First physical deployment is a shipping container being built out as temporary housing that will eventually become a guest house. Subsequent phases extend infrastructure to serve the main house and shop.
¶ Design philosophy and decisions already made
- Solar thermal handles thermal loads. PV-to-resistive-heating is rejected as inefficient (20% solar-to-electric × 100% resistive vs 60-80% direct solar thermal).
- Sand thermal battery for long-duration heat storage. Sand cost ~5-20 $/kWh storage vs LFP at 150-300 $/kWh.
- Container floor gets radiant hydronic heating with thermal mass (gypcrete slab over insulation, PEX embedded). Container floor leveling required before install.
- Cooling will use ammonia/water absorption cycle. Ammonia chosen over lithium bromide because:
- Sourcing is easier (agricultural anhydrous, aqua ammonia from chemical suppliers)
- Pressure regime is more forgiving than LiBr vacuum systems
- Below-freezing capability enables both AC and refrigeration on same platform
- Ammonia smell at 5 ppm gives early leak warning far below 50 ppm OSHA limit
- Industrial knowledge base for ammonia refrigeration is mature
- Ammonia infrastructure isolated in a mechanical building. Distribution to occupied spaces uses glycol secondary loops via heat exchangers. No ammonia enters dwellings.
- Trigeneration: same collector field and primary thermal storage serves heating, DHW, and absorption cooling. Capital amortizes across all three functions.
- Tube-based parabolic trough collectors with tilt-only sun tracking (single-axis east-west tracking around a north-south axis).
- Working fluid for Phase 1: glycol/water mix (likely 40-50% propylene glycol). Targets 60-90°C output adequate for heating and DHW.
- Working fluid for later phases (driving absorption chiller): pressurized water or thermal oil to reach 130-180°C. Loop architecture should allow fluid upgrade without redesigning collectors.

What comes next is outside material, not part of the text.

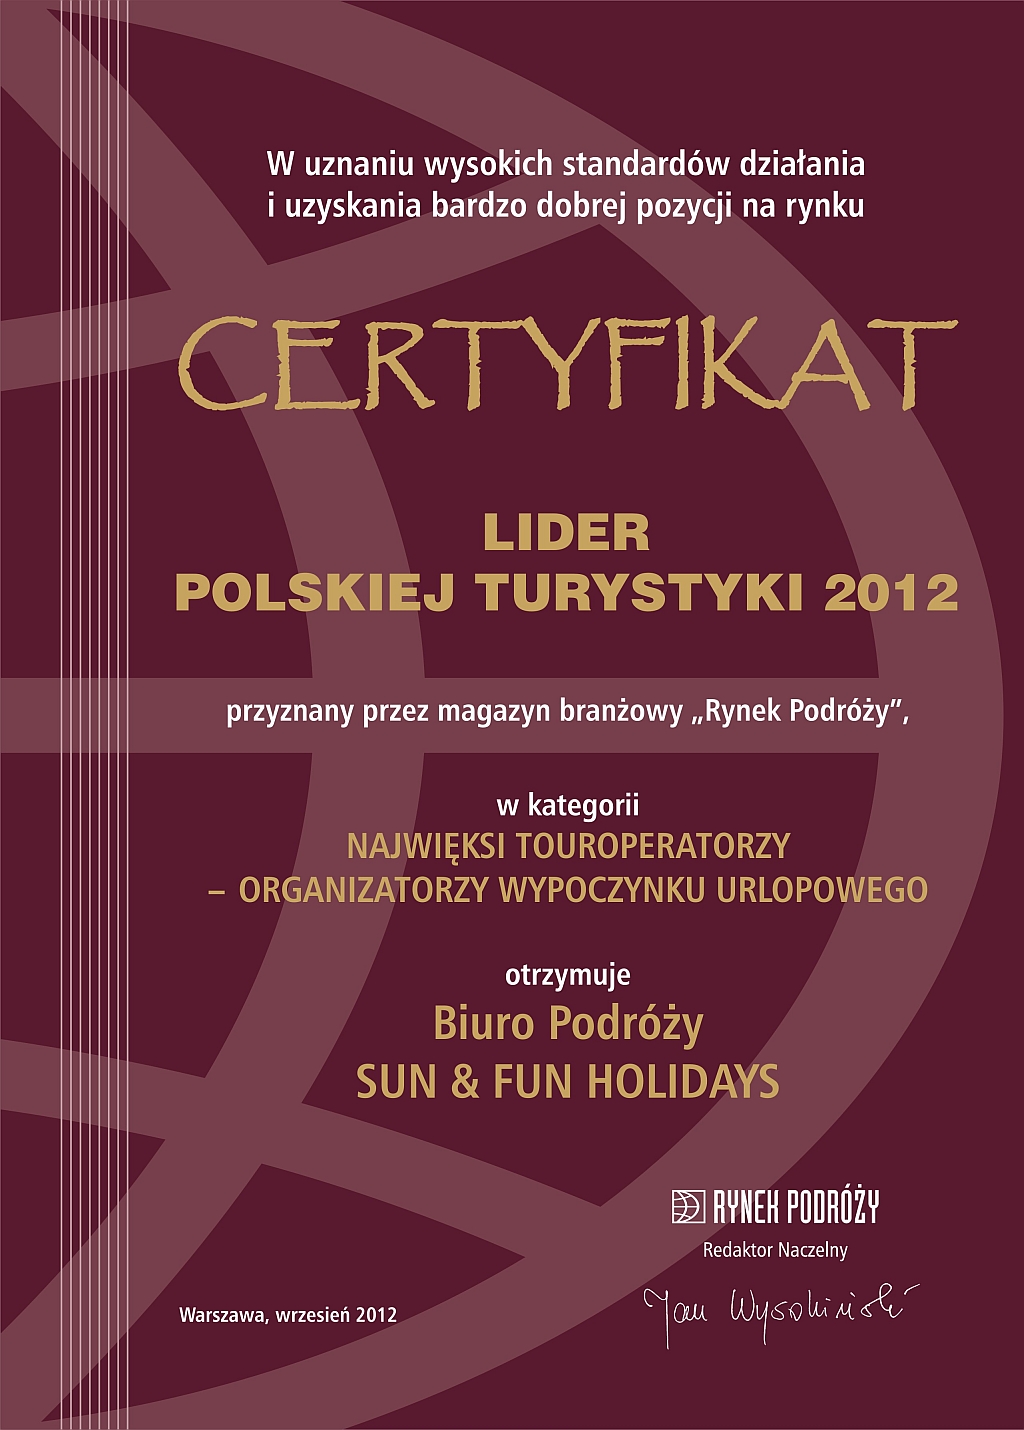 CERTYFIKAT LIDERA POLSKIEJ TURYSTYKI 2012 dla SUN & FUN

- DIY fabrication of collectors including reflector surface, receiver tube design, and tracker mechanism.
¶ Sand battery decisions
- Build a large insulated vault initially. Partially fill with sand for Phase 1 to get heating online with smaller initial thermal mass. Expand sand fill as the system scales.
- Sand specifications: silica sand, dry, fine to medium grain. Cheap from local building suppliers (~50-100 $/ton delivered).
- Operating temperature range: 100-400°C target for long-term. Lower temps (100-200°C) acceptable for Phase 1 with hot water working fluid.
- Charge mechanism: embedded heat exchanger tubes carrying working fluid from collectors.
- Discharge mechanism: separate heat exchanger tubes carrying glycol/water loop to deliver heat to radiant floor and other loads.
- Insulation: high-temperature mineral wool or vermiculite, thickness sized for weeks of useful retention as design target.
- Vault construction: likely steel shell with refractory lining or fully refractory construction with steel structural support.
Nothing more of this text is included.